**ASSIGNMENT**
Could you retype the lines below, starting at the line holding "Läufer, laufende Rennen." and stopping at the line holding "Décor do dia: sala", inclusive? Copy them exactly and drop the images.

**DATASET CONTENT**
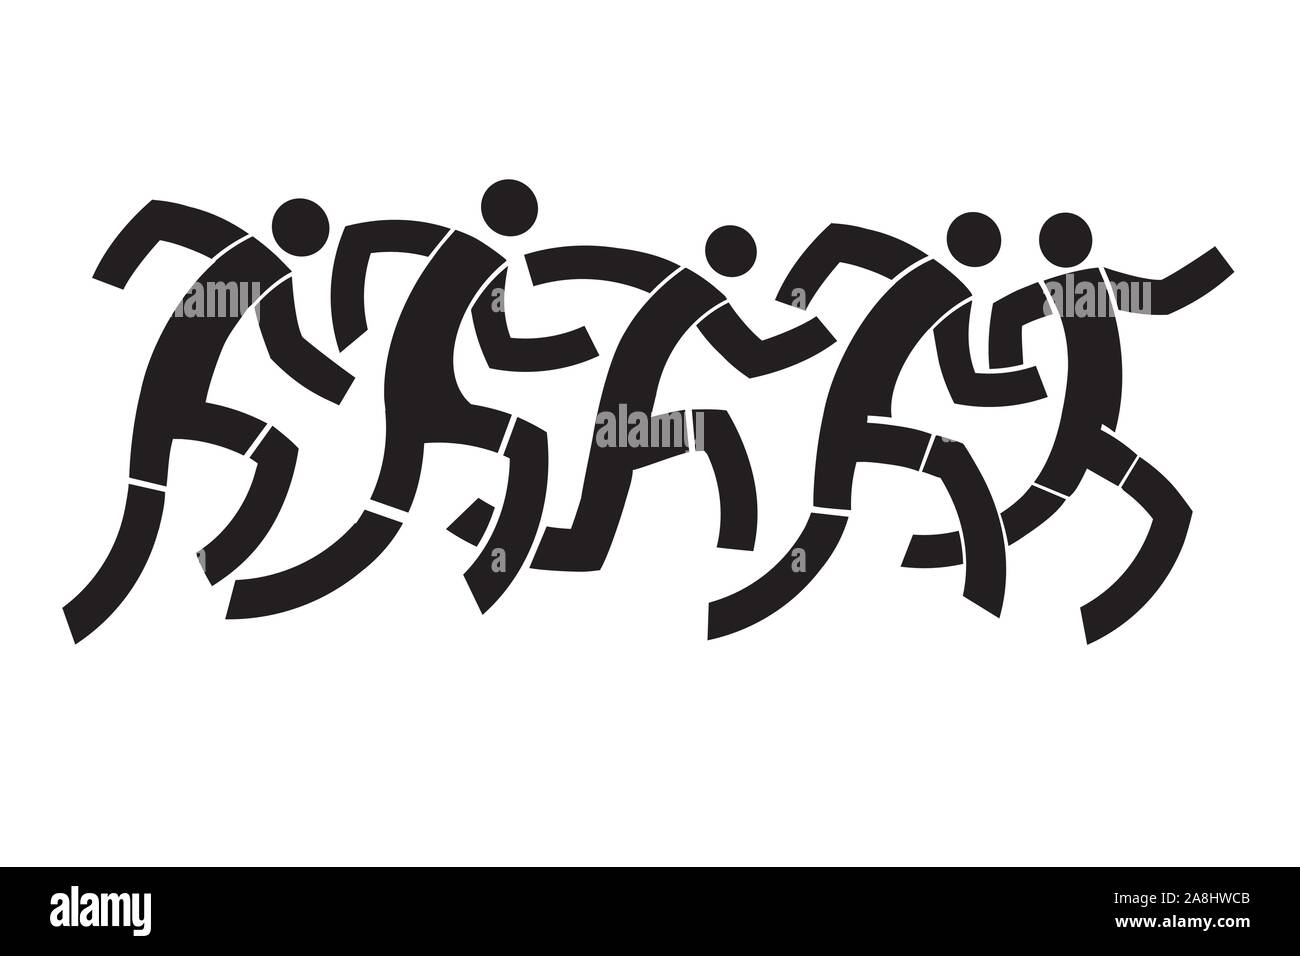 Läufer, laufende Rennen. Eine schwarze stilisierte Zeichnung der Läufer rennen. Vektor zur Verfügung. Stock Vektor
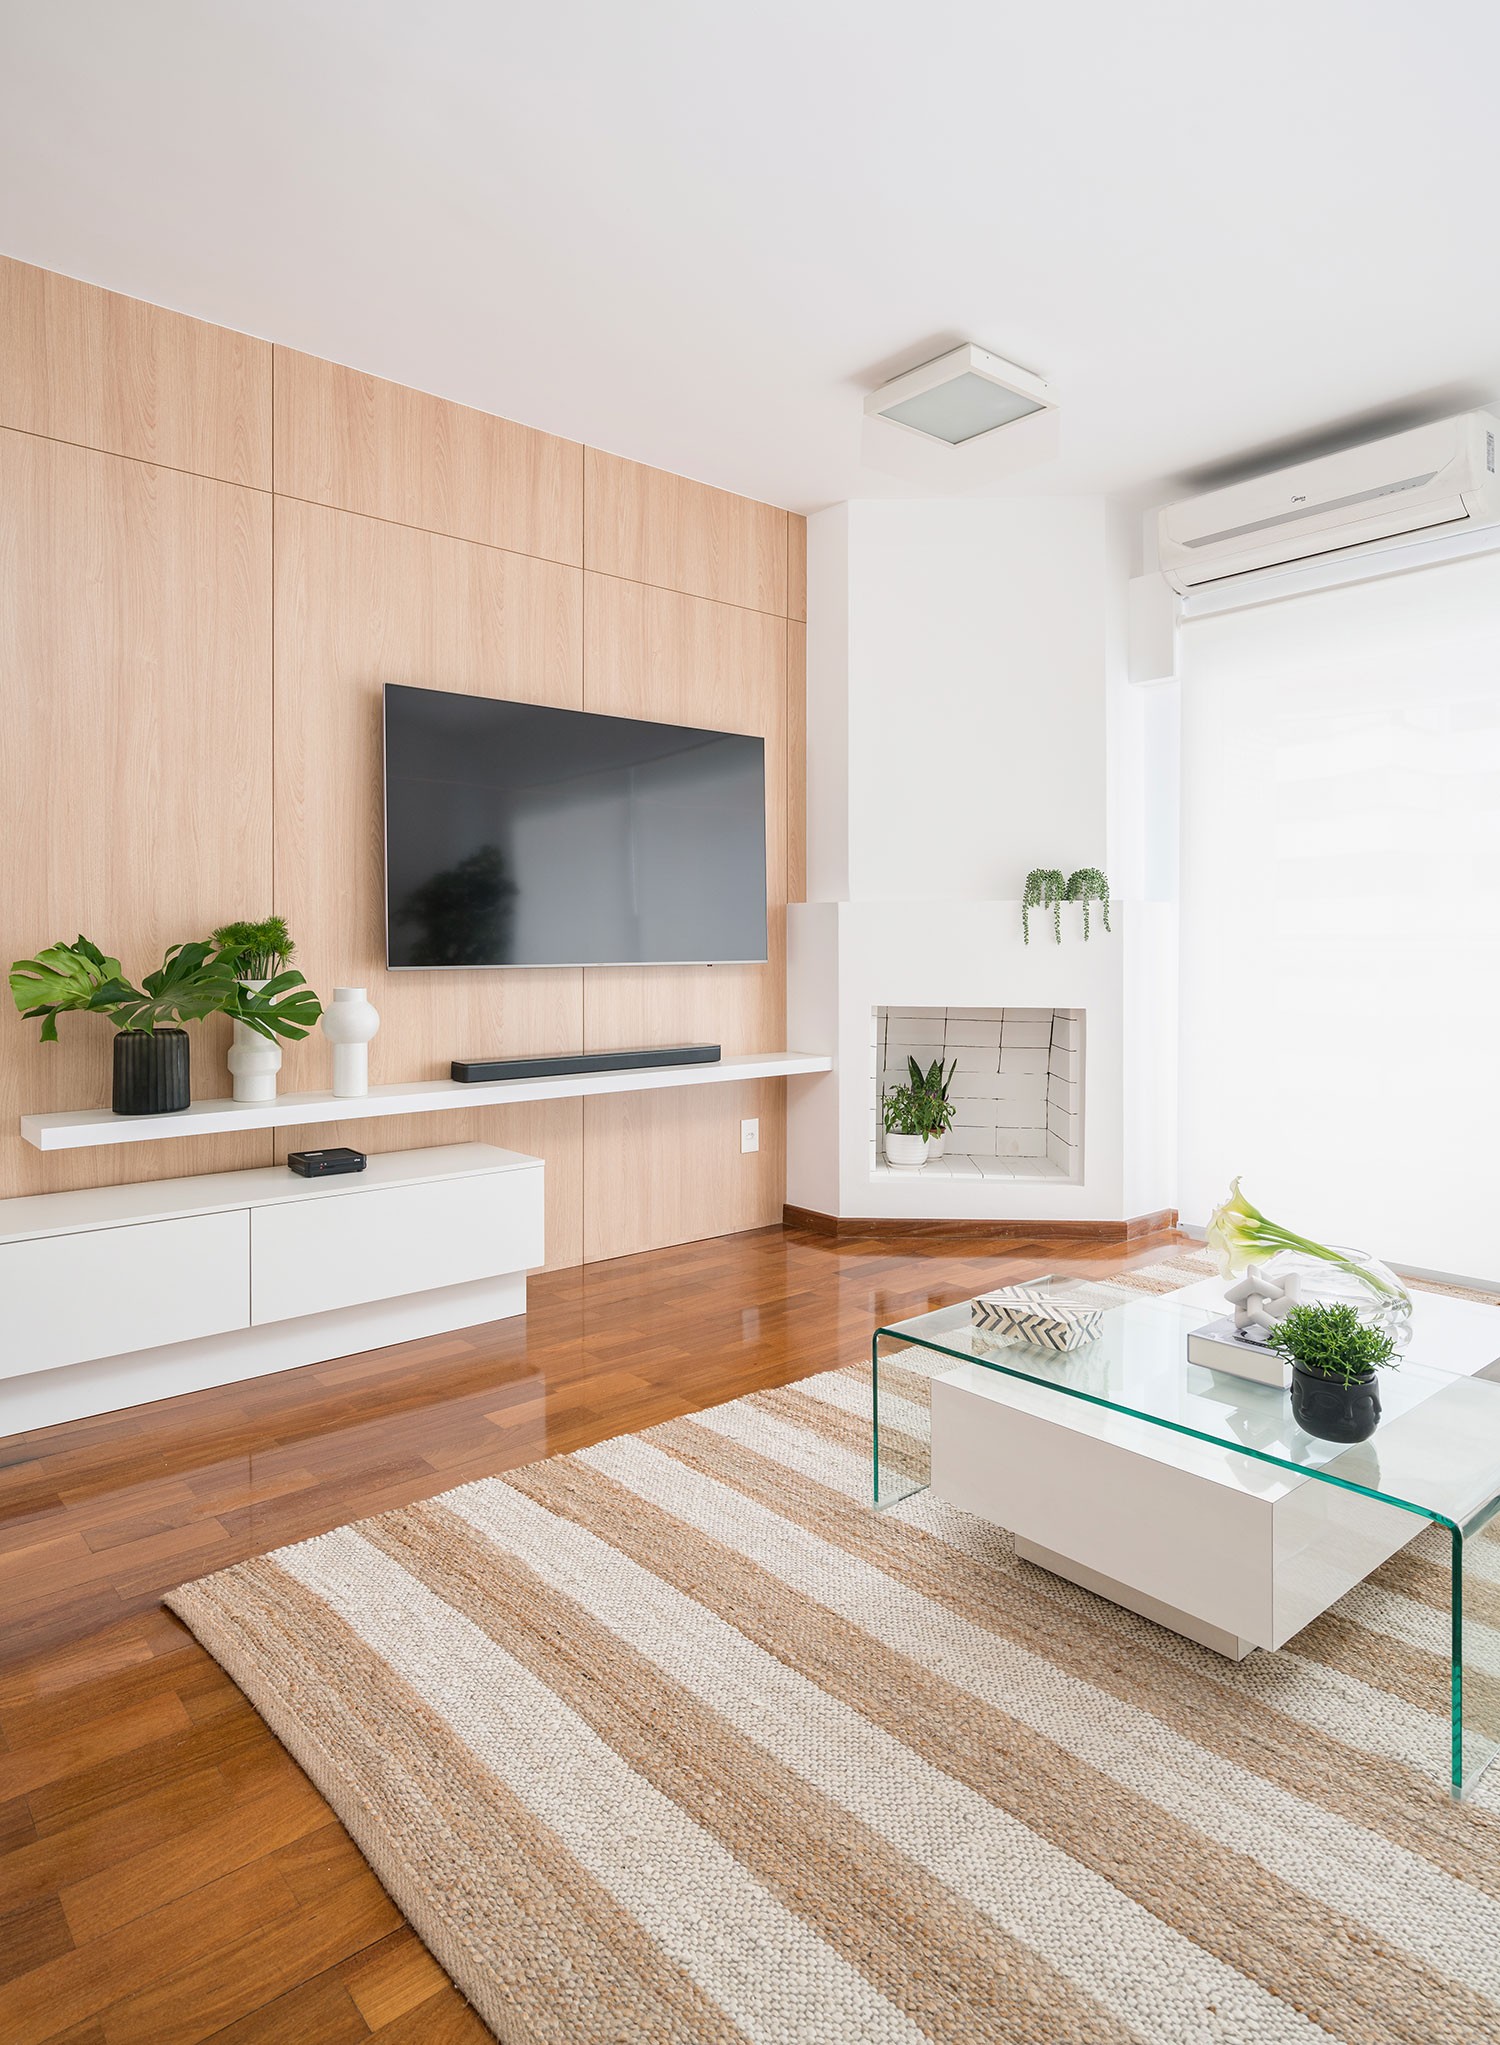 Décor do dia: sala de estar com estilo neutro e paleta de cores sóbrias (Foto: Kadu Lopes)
--
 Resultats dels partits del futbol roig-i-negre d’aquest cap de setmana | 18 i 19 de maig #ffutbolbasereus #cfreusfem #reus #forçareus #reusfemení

**WRITTEN RESPONSE**
 Läufer, laufende Rennen. Eine schwarze stilisierte Zeichnung der Läufer rennen. Vektor zur Verfügung. Stock Vektor
 Décor do dia: sala de estar com estilo neutro e paleta de cores sóbrias (Foto: Kadu Lopes)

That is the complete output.